What to work on: Exact reproduction of the listing is required. Pictures are not reproduced.

───── Recorded data ─────

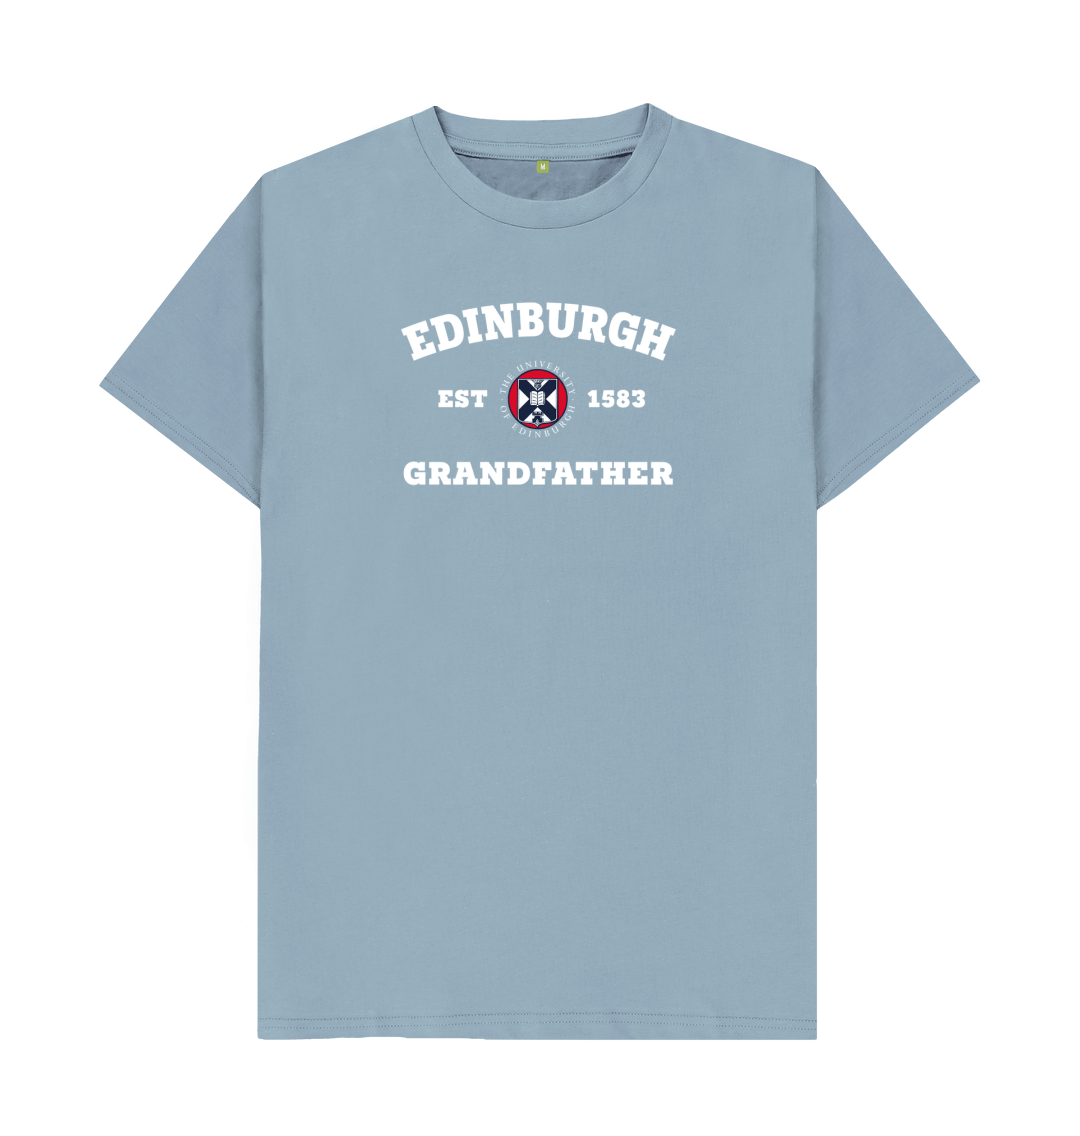 Edinburgh Grandfather T-shirt
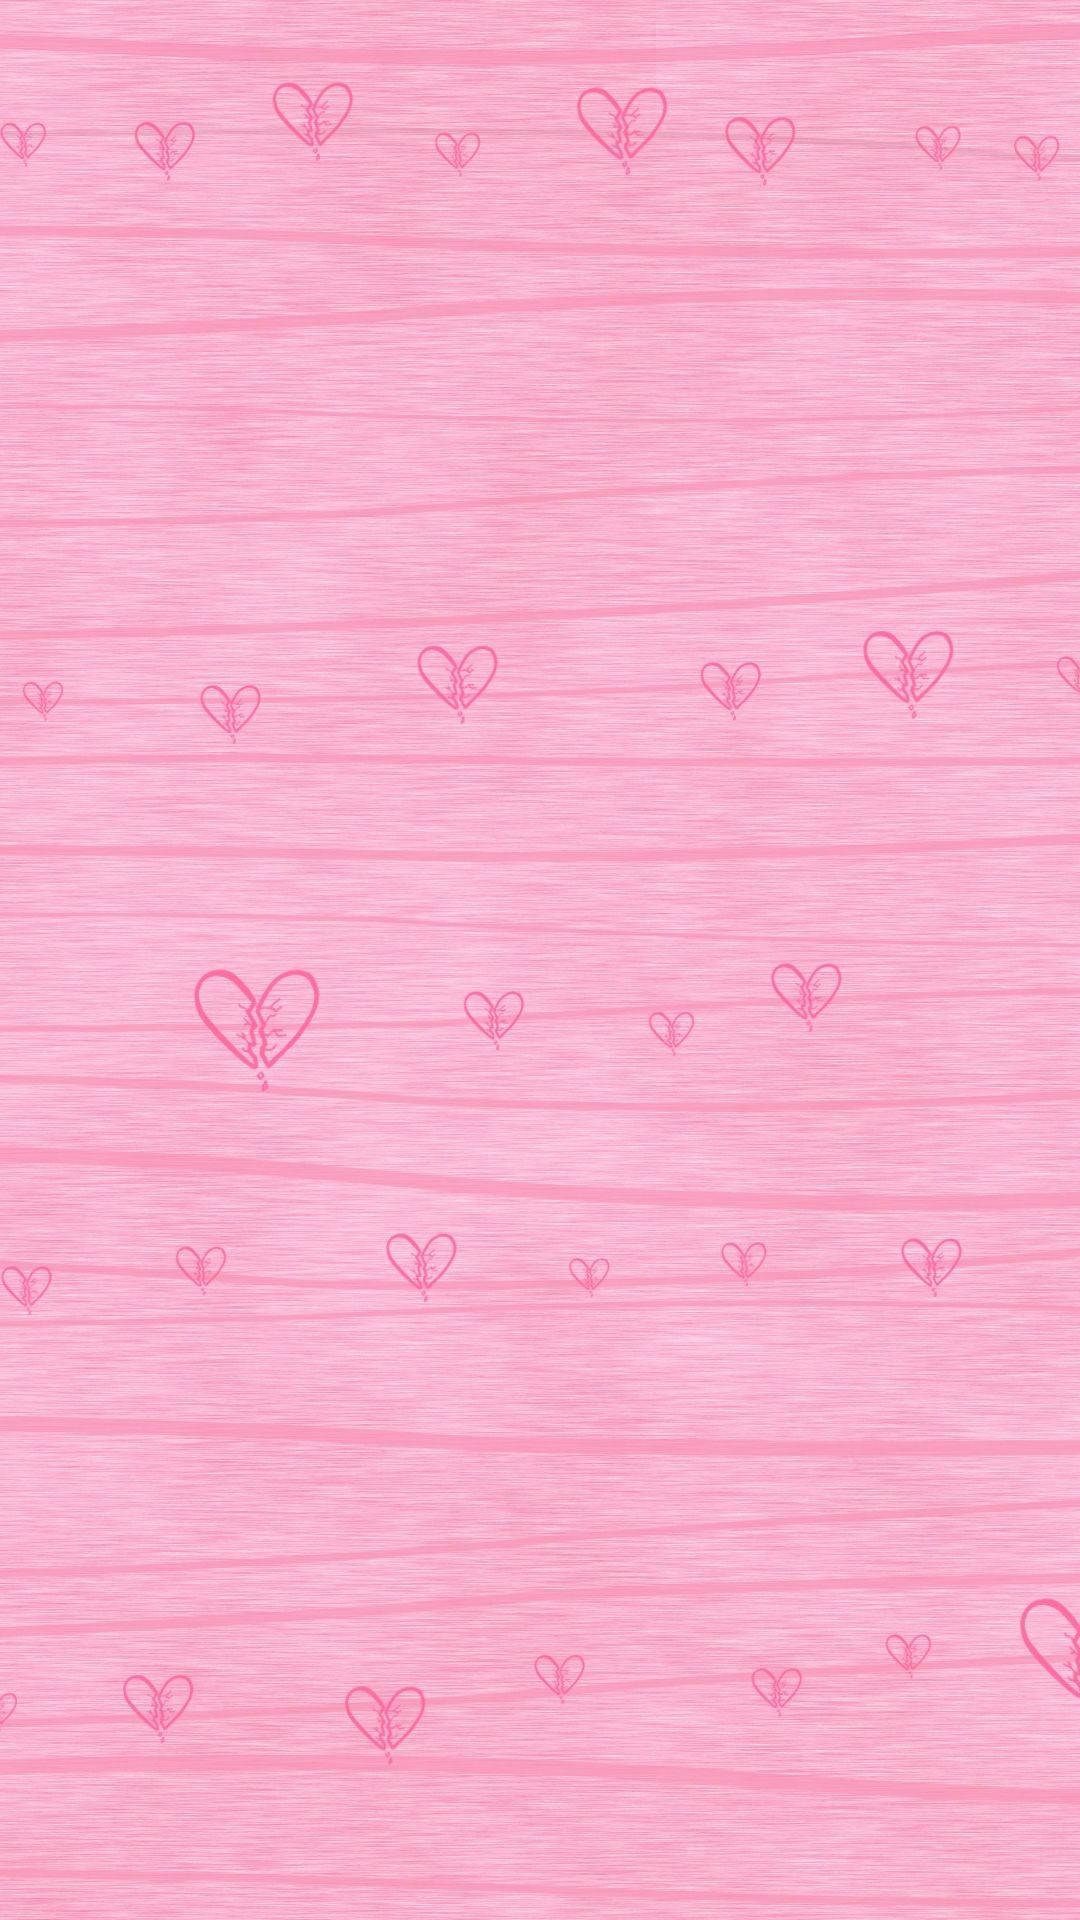 Cute Minimalist Love Heart Design Wallpaper
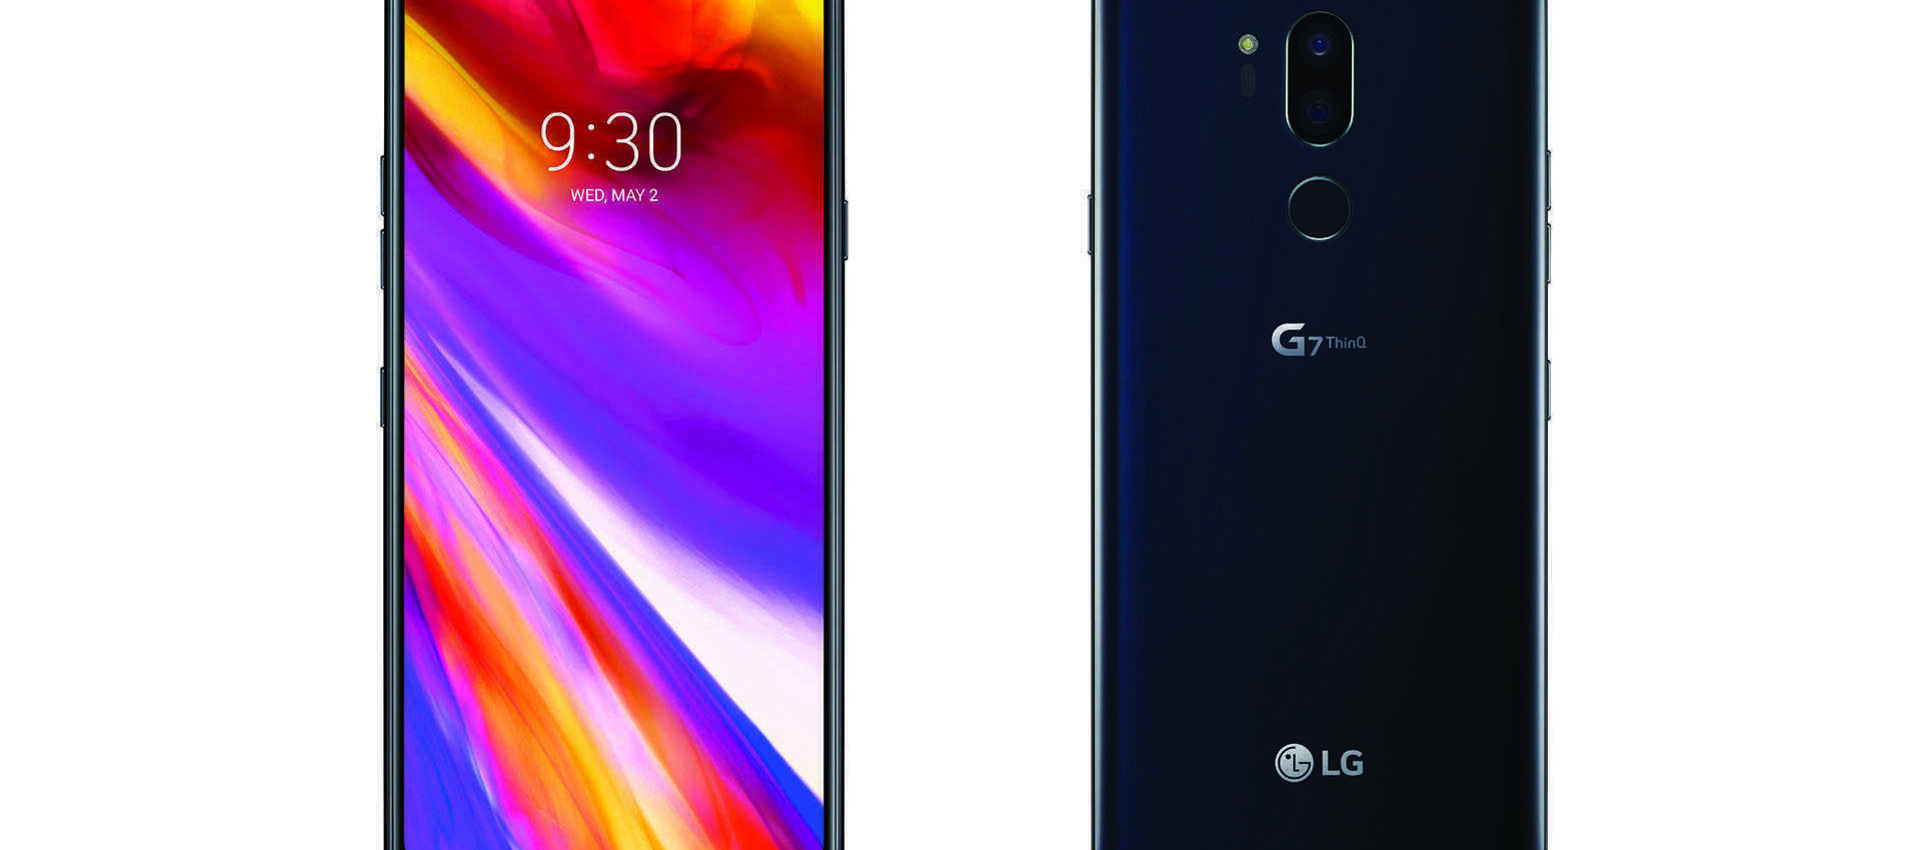 Review: LG G7 ThinQ
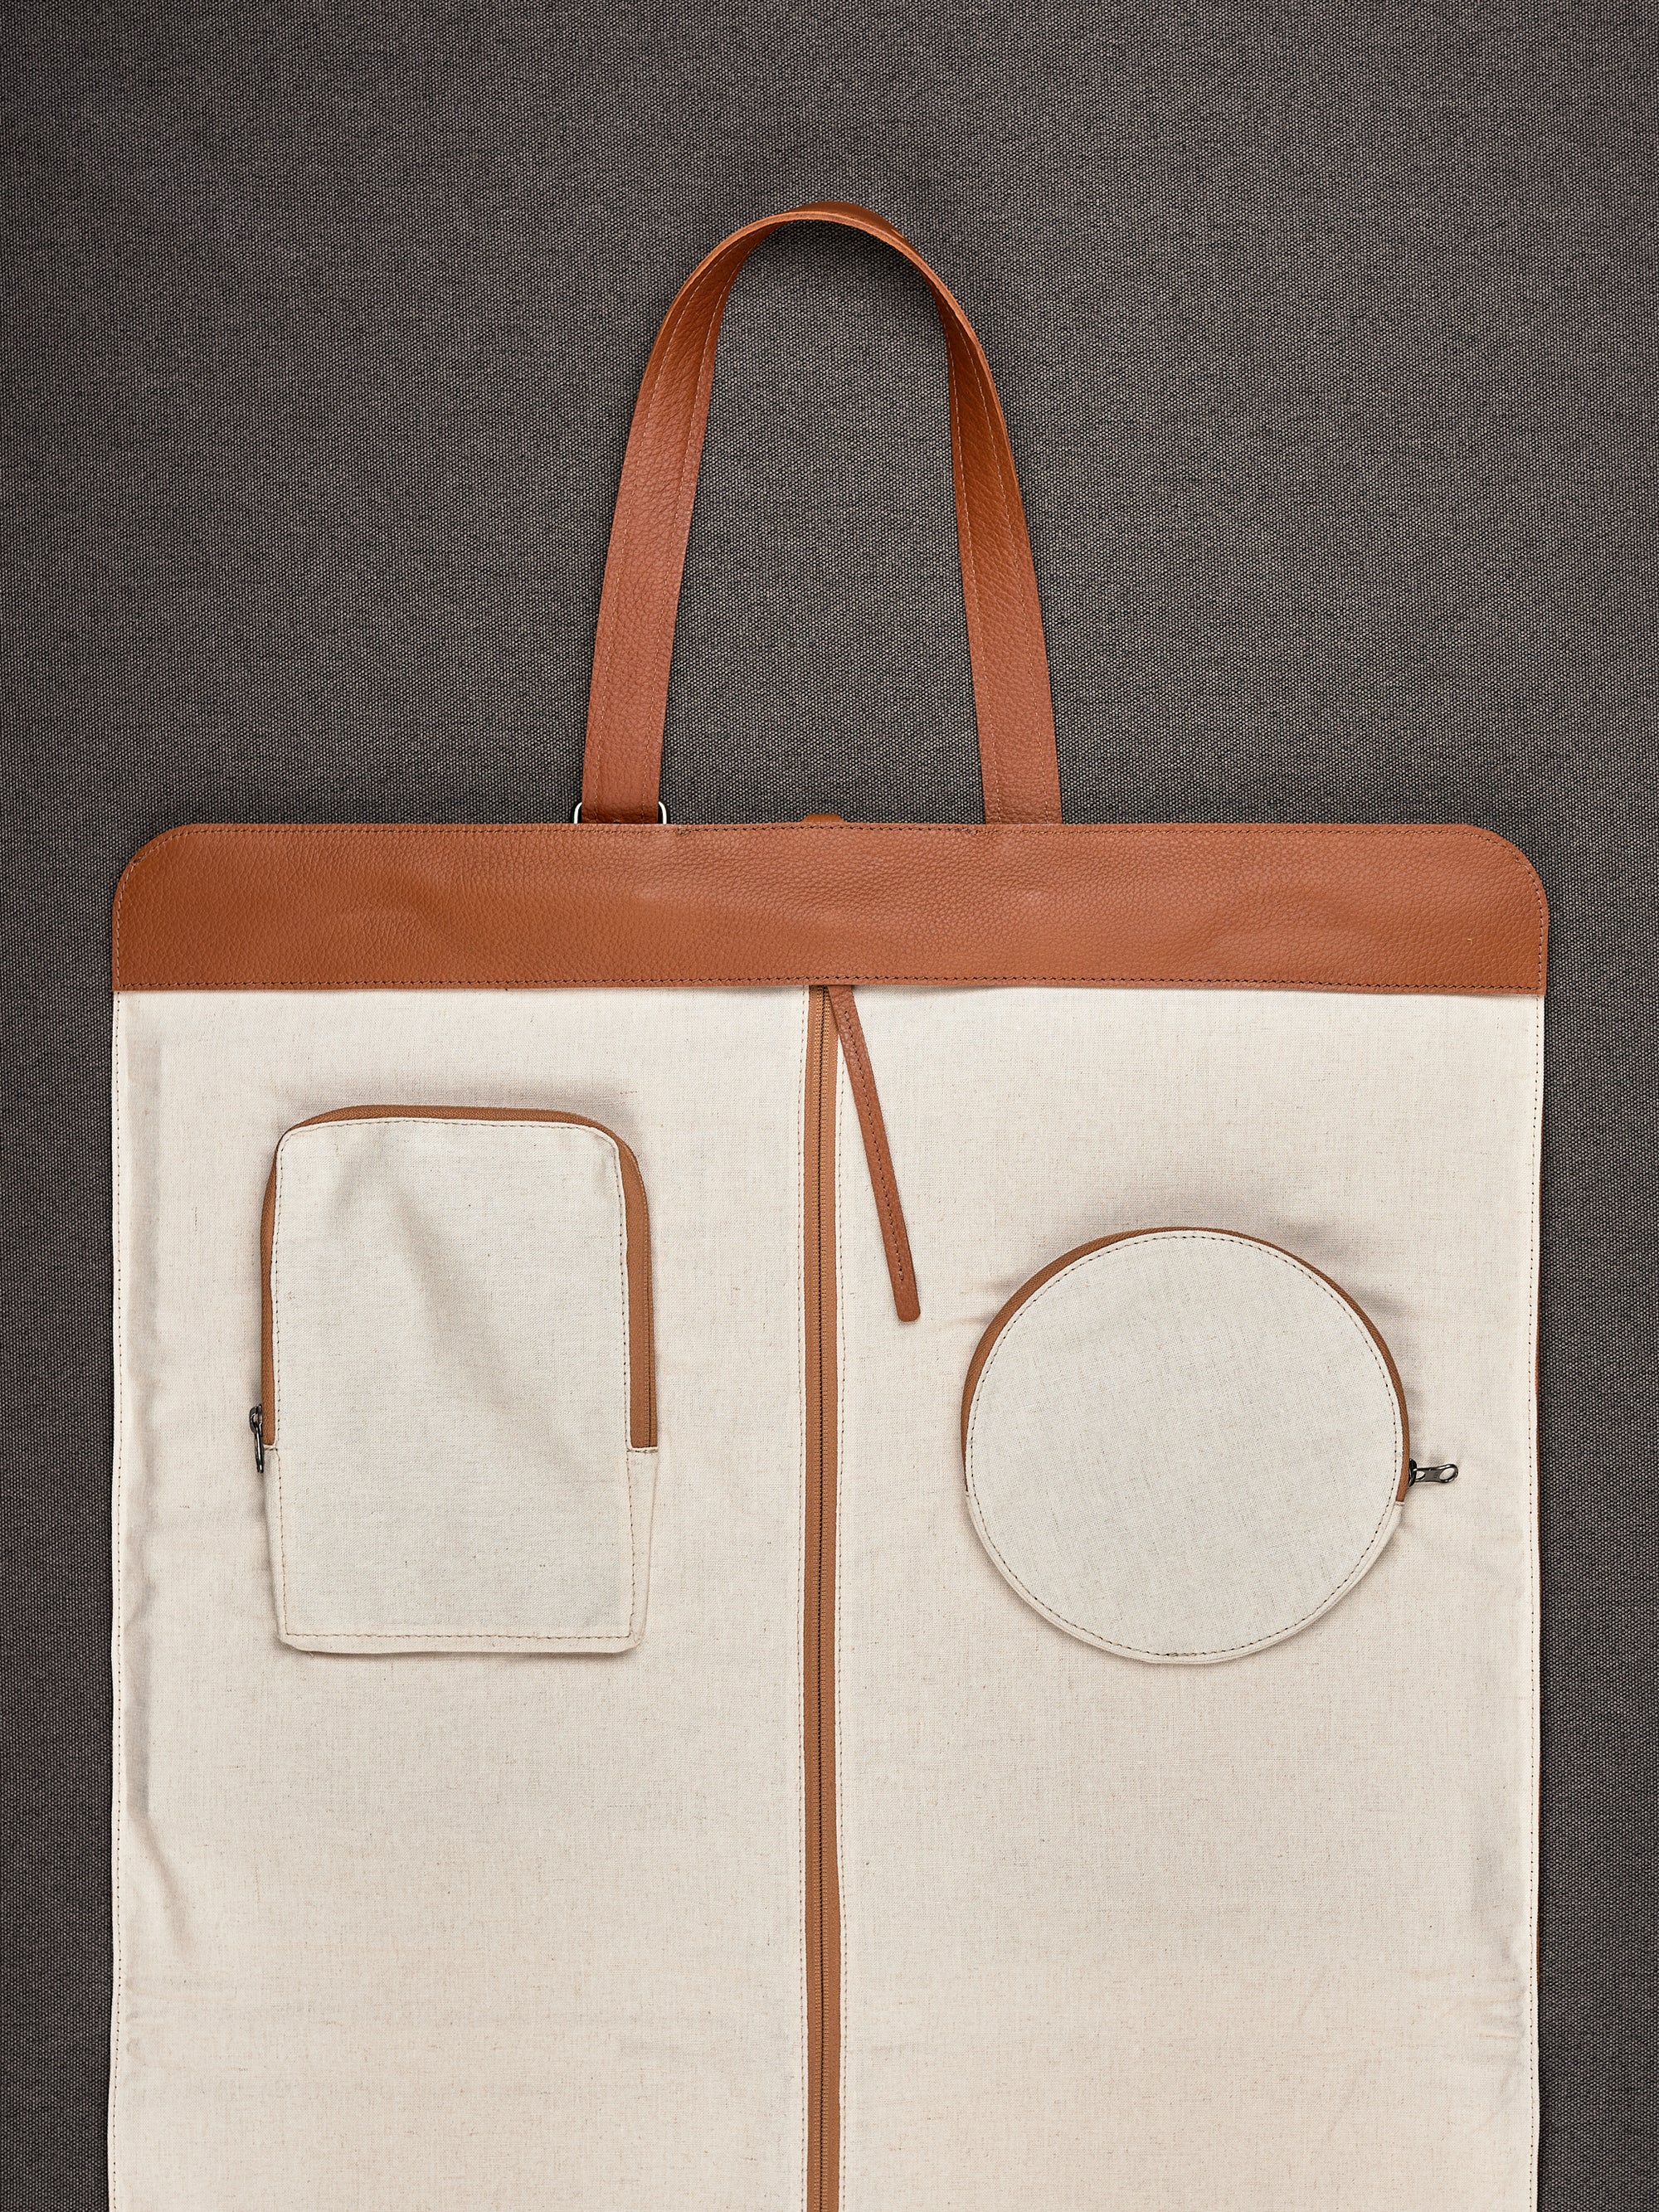 Leather Garment Bag Tan by Capra

─────

Answer to the exercise:
 Edinburgh Grandfather T-shirt
 Cute Minimalist Love Heart Design Wallpaper
 Review: LG G7 ThinQ
 Leather Garment Bag Tan by Capra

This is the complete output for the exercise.